CN103098604B - Reciprocating double moving cutter cutting test device - Google Patents

Abstract

The reciprocating double-moving knife cutting test device includes a cutting mechanism, a stalk feeding mechanism and a monitoring and operating mechanism. The input power of the motor drives the upper and lower knife rods to move in parallel and different directions through a connecting rod, so that the adjacent upper and lower The blades move, staggered and overlapped to cut crops. Torque and speed sensors, tension sensors and speed sensors are installed on the power input shaft, between the upper and lower cutter bars and the left and right rocker arms, and beside the drive wheel to sense and record cutting. The parameters in the process are processed by computer to calculate the best combination of parameters. In the present invention, the double-layer movable knives move at the same speed and in different directions at the same time, the inertial force of the upper and lower knife rods is offset, avoiding the large shaking of the cutter, and the power is transmitted through a connecting rod to improve the accuracy of the movement of the upper and lower blades , Reduce the machine installation and debugging process.

Description

Reciprocating double-moving knife cutting test device

technical field

The invention relates to a crop cutter for testing, which is a cutting test device for simultaneously cutting crops with double-layer movable knives, and belongs to the field of machinery.

Background technique

The cutter is one of the core components of the harvester. The rationality of the cutter design directly affects the working performance of the harvester. Various parameters of the cutter require a lot of experiments to determine the optimal parameter value. The research is mainly to determine the best combination of cutting speed, feeding speed and blade geometry parameters through experiments and to study the interaction among them. However, the field test of the cutter is greatly affected by the field environment, it is more complicated to change the test parameters, it is more difficult to collect and process the signal, and the test error fluctuates greatly, which is very inconvenient for research, and the field test is limited by the crop harvest season .

Traditional harvesters are usually single-moving knife harvesters, which have problems such as low cutting speed, large reciprocating inertial force, and large vibration.
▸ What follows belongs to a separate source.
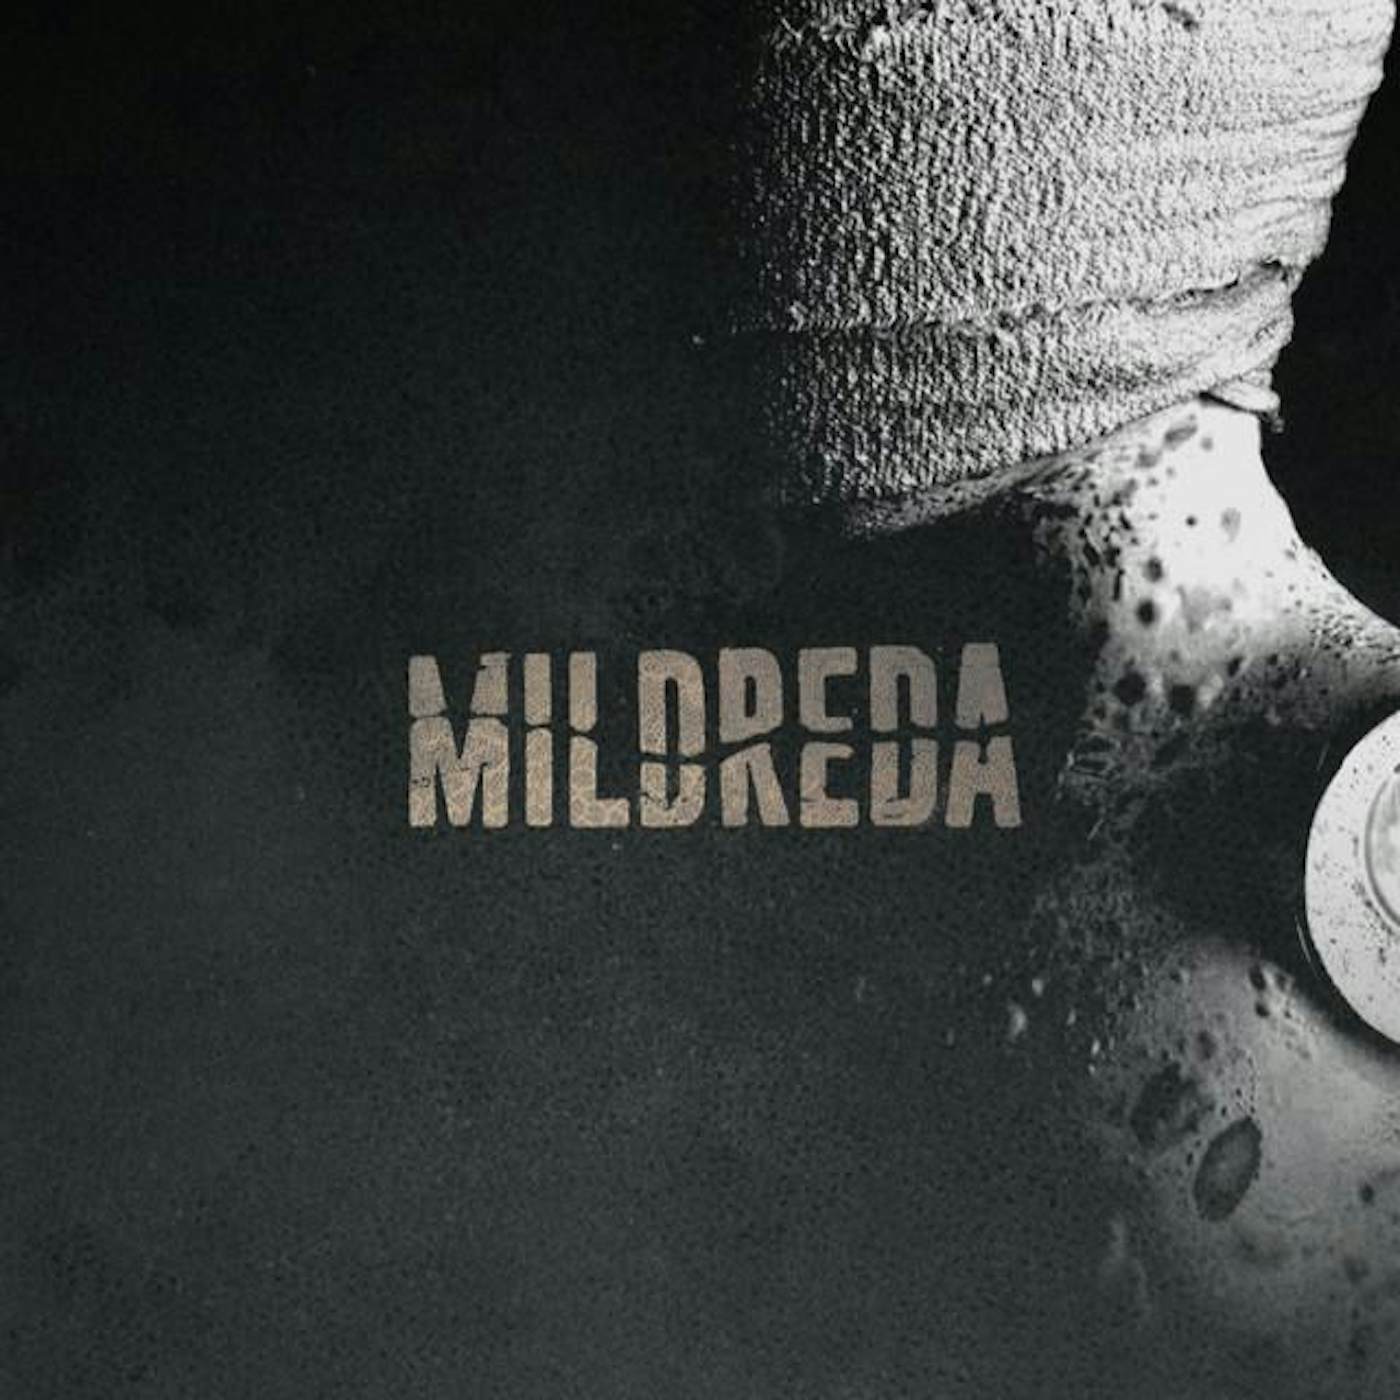 Mildreda

Therefore, it has become a demand to research and design a cutter that can solve the problems of traditional cutters.

Contents of the invention

In order to solve the above problems, the present invention provides a reciprocating double-moving knife cutting test device, which can measure and record the cutting power consumption of the cutter in the process of cutting crops, and compare the stubble leakage rate and stubble breaking rate after cutting the crops. To determine the best combination of cutting parameters.
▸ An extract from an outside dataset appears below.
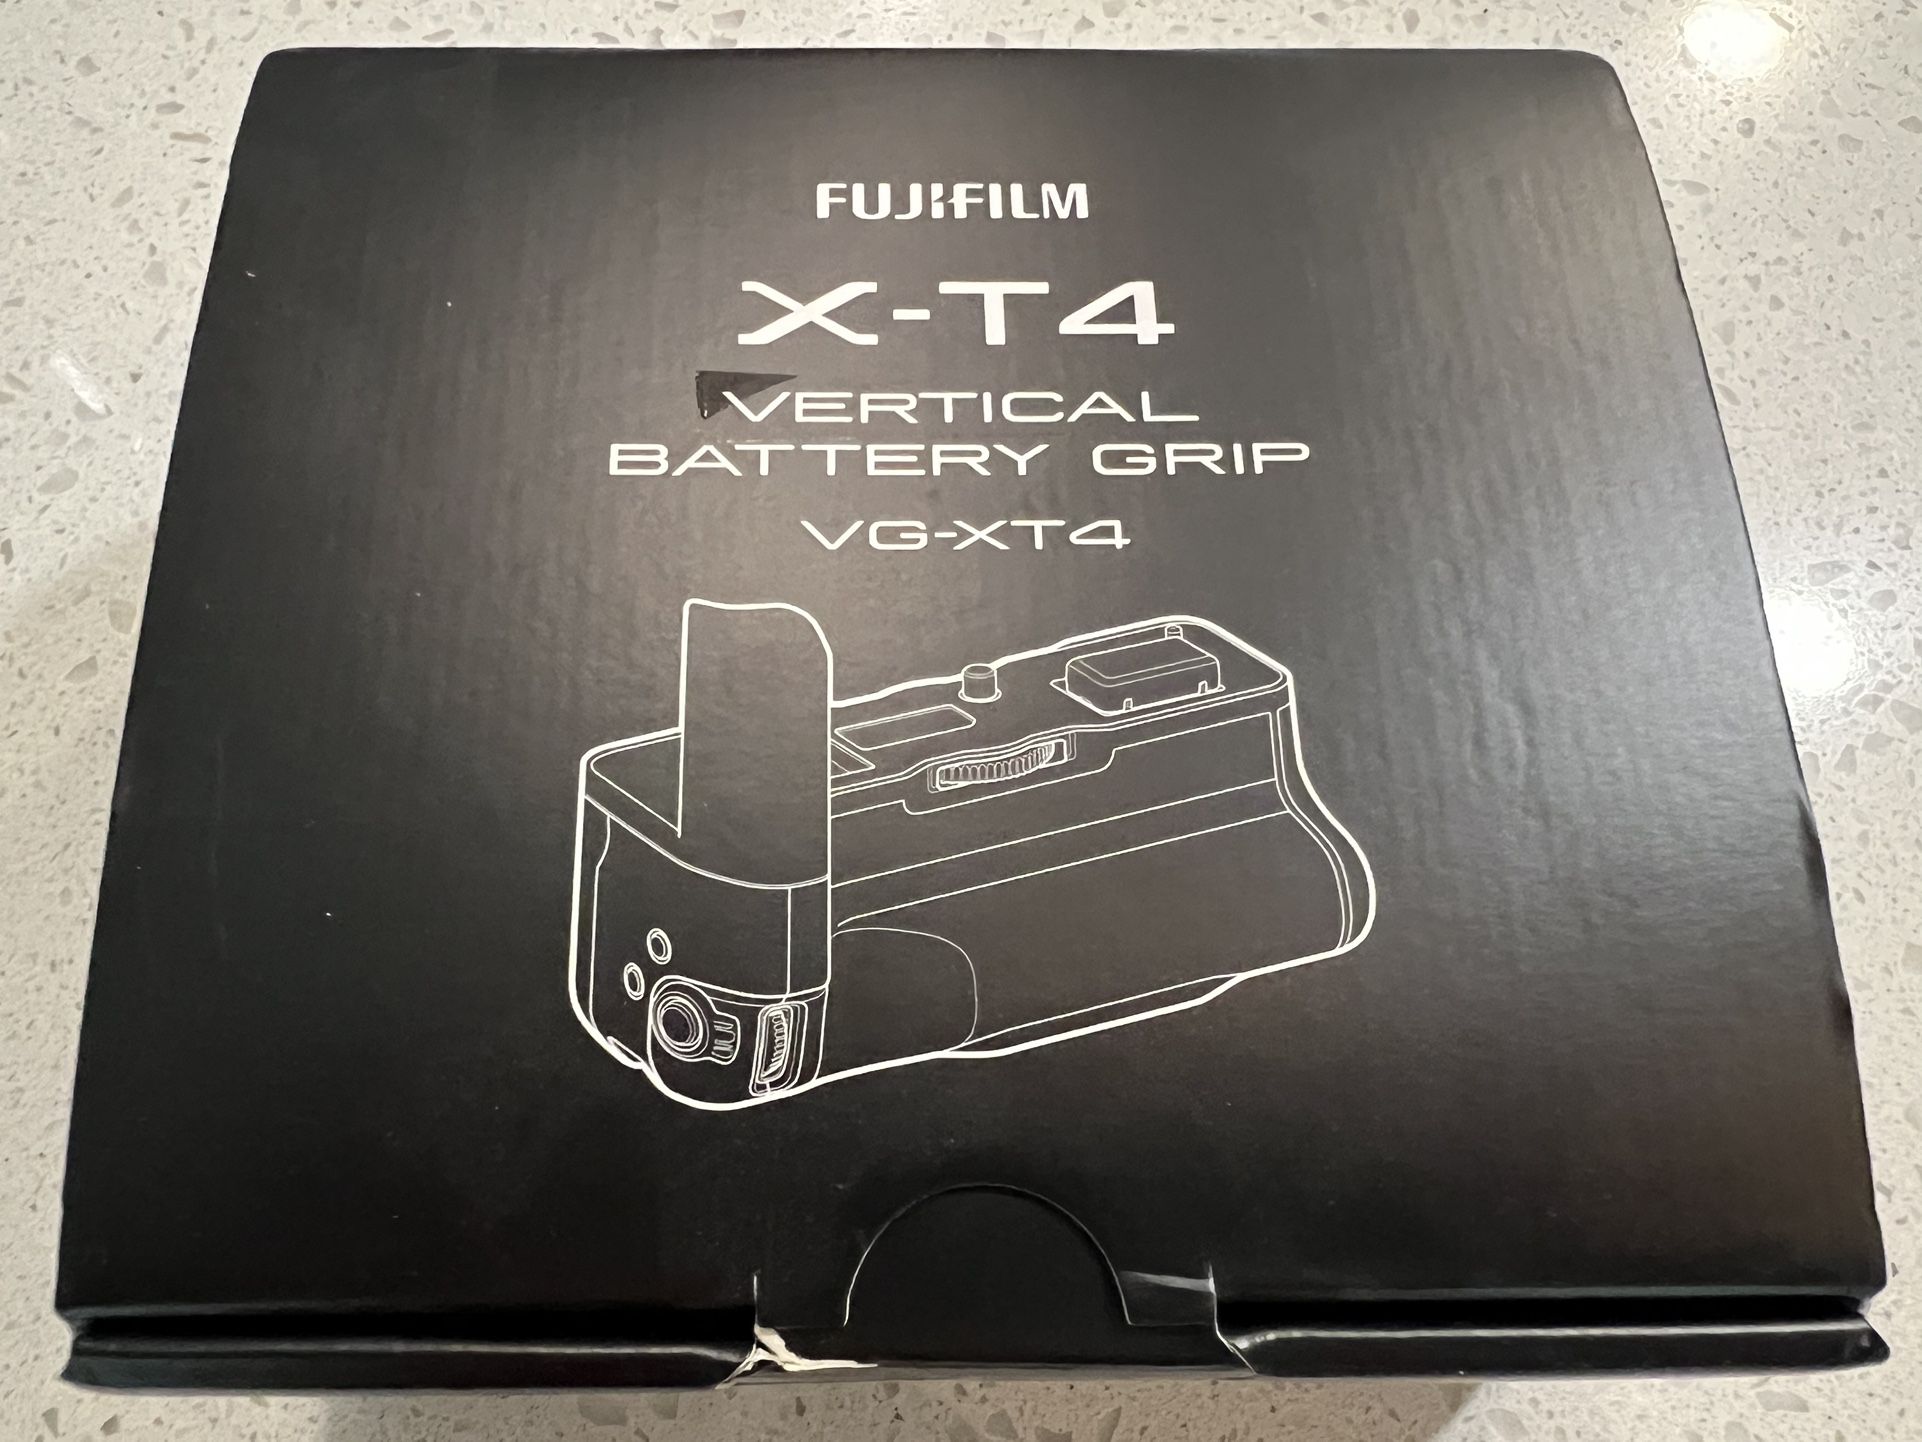 VG-XT4 Battery grip for Fujifilm X-T4 XT4 camera

The reciprocating double-moving knife cutting test device includes a cutting mechanism, a stalk feeding mechanism and a monitoring and manipulating mechanism; One end of the rocking arm is connected, and the other ends of the left and right rocking arms are all hinged with one end of the connecting rod, and the other end of the connecting rod is connected with the power input shaft, which is connected to the motor through a belt transmission.

Tension sensors are respectively arranged between the left and right rocker arms and their respective connecting plates.
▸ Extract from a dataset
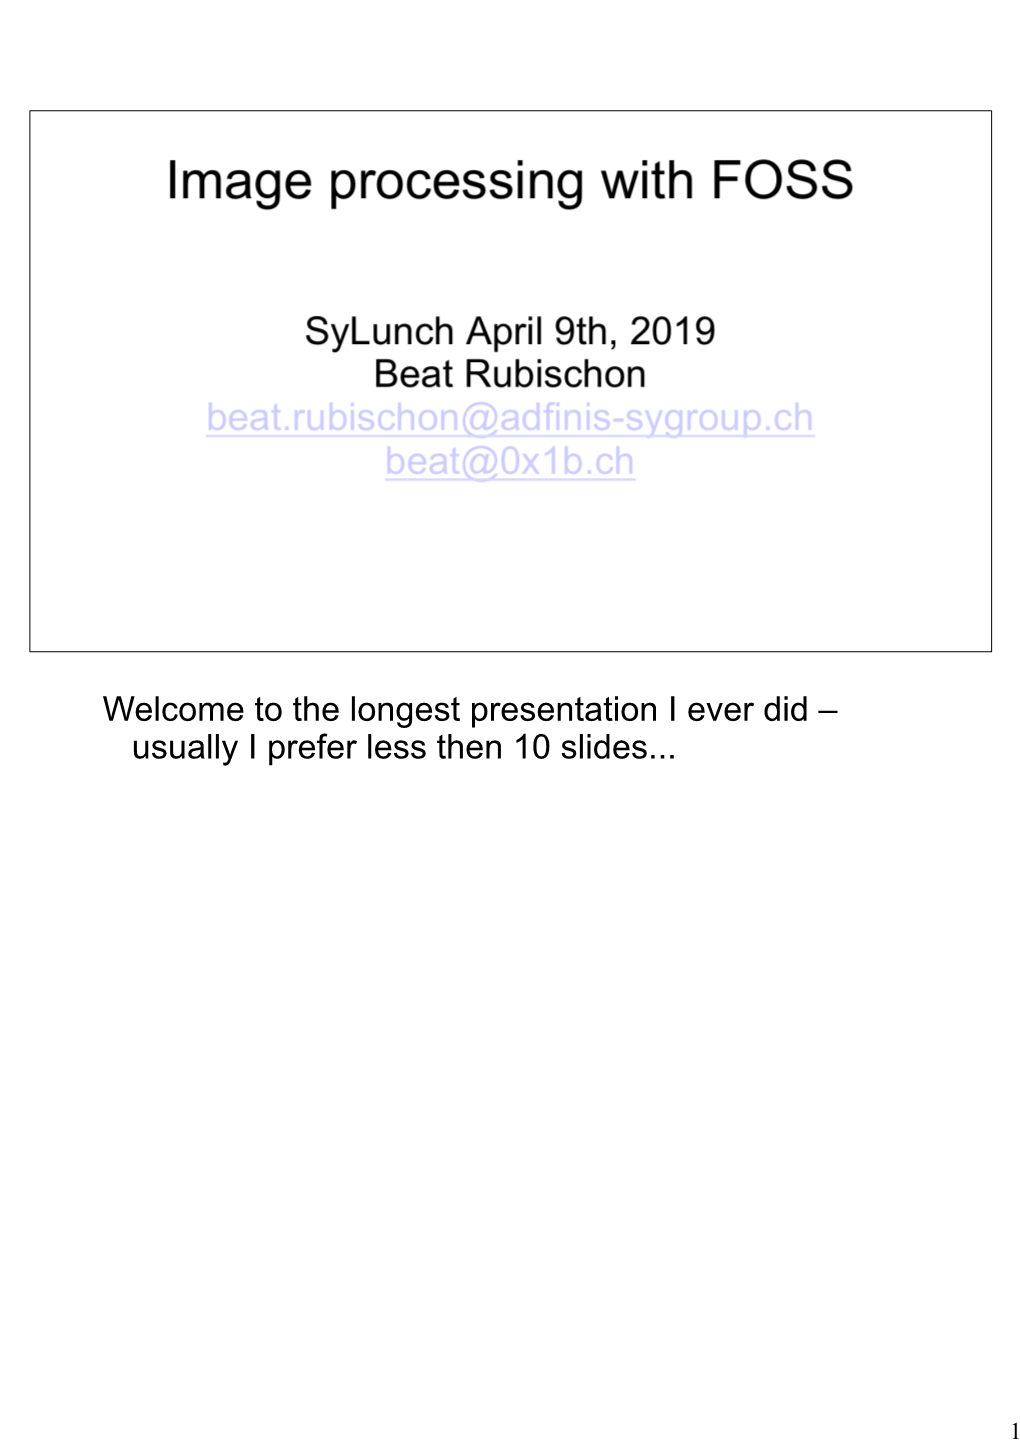 The Longest Presentation I Ever Did – Usually I Prefer Less Then 10 Slides

The upper and lower knife bars are arranged in the positioning ring on the upper side of the cutting frame, and the upper and lower knife bars are respectively installed and fixed with upper and lower blades. The upper and lower blades have the same specifications and are vertically bonded. The blades are all serrated.

The left rocker arm includes an upper arm and a lower arm that are perpendicular to each other. The upper arm and the lower arm are welded and fixed at both ends of the short rod. The bottom of the lower arm is fixedly connected to the cutting frame through bearings. The right rocker arm is an "L" shape with a vertical corner. The whole board is fixed with bearings and cutting frames below the vertical corners.

The ends of the lower arm connected with the connecting rod and the right rocker arm are provided with a waist hole, and the pin shaft passes through the waist hole to connect the lower arm, the right rocker arm and the connecting rod, and joint bearings are arranged at both ends of the connecting rod , the other end of the connecting rod is connected with the power input shaft through the crank.

The power input shaft is provided with two roller chain couplings, and a torque speed sensor is arranged between the two roller chain couplings.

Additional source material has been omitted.